2020PB / police-brutality

Repository containing evidence of police brutality during the 2020 George Floyd protests
MIT License
2.62k stars 209 forks source link

Adapting incidents reports for quantitative analysis #677

Open lexeree opened 4 years ago

lexeree commented 4 years ago

Hey, this is an amazing project and I think there are a lot of possibilities for how to use this data.
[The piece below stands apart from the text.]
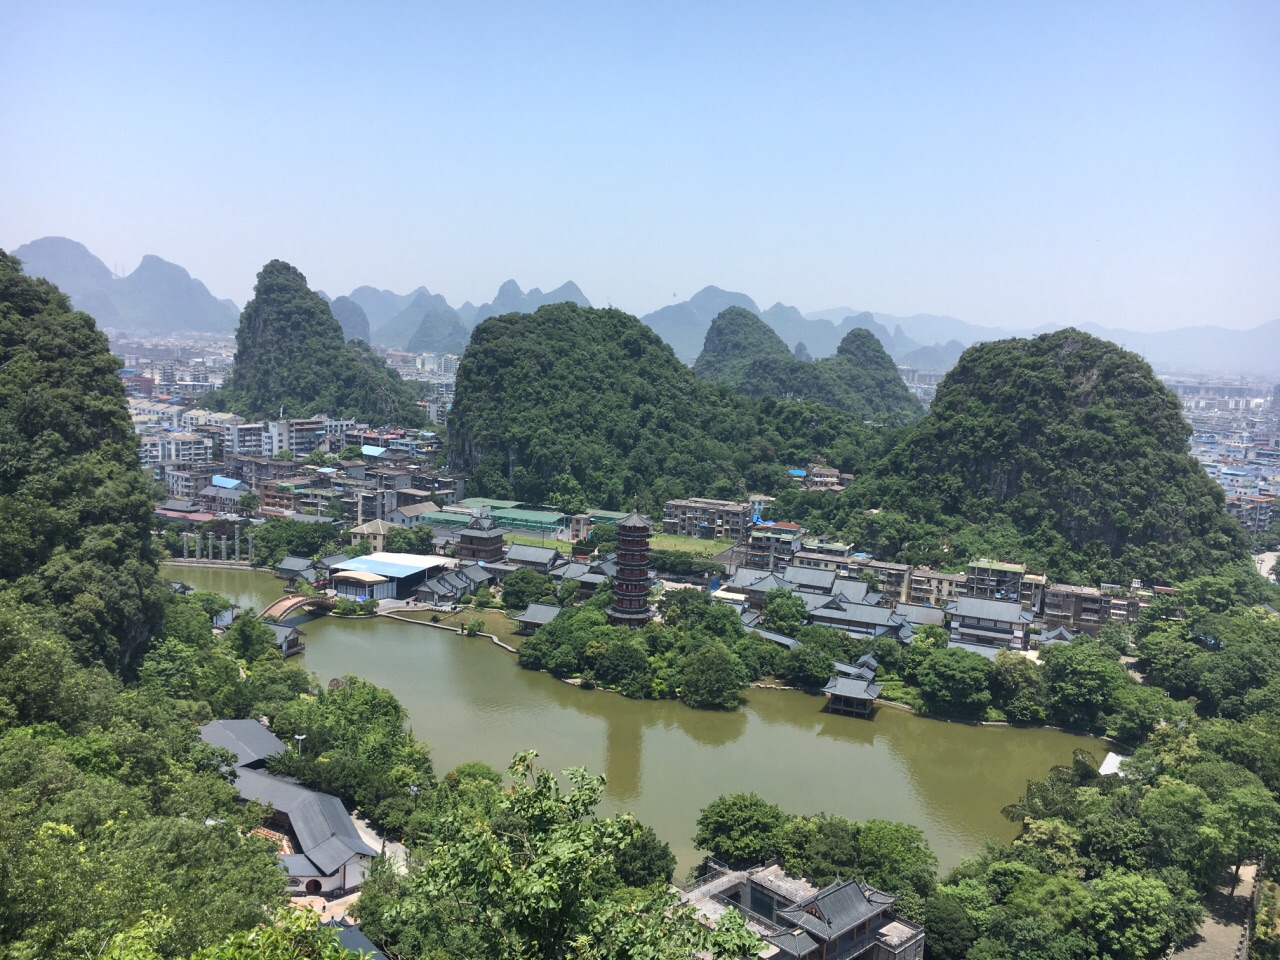 【携程攻略】桂林叠彩山景点,山顶看整个桂林市,很宽阔风景很美,其他

However, I've noticed that incident reports don't seem to be recorded in a way that facilitates a quantitative analysis of the data.

Looking at amalgamated data from different data sets or providing methods to generate analytics/visualizations could be really helpful, and I'd be happy to code them myself...but more data would be needed.

Specifically, I think that whenever possible, it would be great if the following data points could be parsed out from the incident reports:

I realize that some of this data can be extracted from the tags, but they may not always be applied consistently or may be too granular/not granular enough for certain analyses.

Thanks!

ContributingThrowaway commented 4 years ago

The vast vast vast majority of these occur at, around, or shortly after protests.

Why do you need to know whether the incident was reported on by media? (I ask because often when it was, the relevant coverage is linked; it might be possible to extract relevant coverage from the links.)

I agree that information like numbers of people injured, killed, arrested, etc would be very helpful, but I suspect it will be extremely hard to extract from many (most?) incidents. Some are such that it's not clear what would even count as being injured, killed, or arrested in the course of them. (There is a tag for the rare cases where an individual dies in a given incident.) Perhaps we could add a tag for serious injuries? (I'd also like to see a "wrongful-arrest" tag -- the "arrest" tag is used both when a wrongful arrest is conducted and when a reasonable arrest is conducted using excessive force.)

I'd be very interested down the road to see how many of these are actually dealt with by police. I'd also like some way of marking severity of incidents -- they range from slightly-careless tear-gassing to five officers pinning a man down and beating him senseless for no good reason.

lexeree commented 4 years ago

I personally would like to know about media coverage because an issue I have dealt with when speaking to people about police brutality in the protests is "well I haven't seen that much about it!" I think it would be helpful to know how much is covered in national news. The idea about the links is a good idea - I could definitely parse out the site name and compare that against a list...but there's also the possibility that incidents reported in local news could be picked up by larger networks at a later date.

I agree that numbers are difficult for number of people injured, but maybe we could make a web scraper to look for any new information published about incidents, or volunteers could check for updates? Either way, I just think this project is really great, but is limited in use unless we can efficiently extract analytics - being able to use social media posts about police abuse and comparison to media coverage etc could be a very useful tool for being able to give solid numbers regarding the reality of abuse of power among authorities in the US

ed42311 commented 4 years ago

@happy-lambdas a few points of clarity here are you talking about a standardized format or just adding more fields for specific sets of information? For instance there is a description with each set a video links and a title. Although maybe scenario description is something more specific.

This is a possibility, with some research ( unless the linked video is a news outlet )

These are more difficult, with the possible exception of people killed. Injuries and arrests would be based on estimations, I guess we could record that with some explicit margin of error, fact checked against recordings.

This would be great, and I have to imagine that many of these incidents are stored in the public record, with a little bit of legwork we might be able to link the police reports with the incidents. That sounds like a great idea ( and a lot of work :D )

Also I'm on board with some sort of rating system @ContributingThrowaway or maybe a binary. Was there brutality or not? Not sure what to base the metric on if we are going with a scale. The Bethel, Ohio protests seem to me like a decent talking point. There was brutality ( although I did not see recorded instances of police brutality ), and the police did not engage at times, but for the most they tried to act as intermediaries while keeping the peace ( this is an observation as a third party, with minimal context)

ContributingThrowaway commented 4 years ago

My first thought is to tag with many severity-relevant characteristics, such that researchers and frontend developers could come up with their own indices for severity -- +5 for improper use of rubber bullets, +6 for a wrongful arrest, etc. Possible tags include:

Alternatively, we could just introduce three tags -- high-severity, medium-severity, and low-severity -- and gradually build consensus as to which should be used when. That wouldn't allow the same granular analysis, but it would at least help with filtering out the least severe incidents or focusing on the most severe.

What's the process for adding new tags?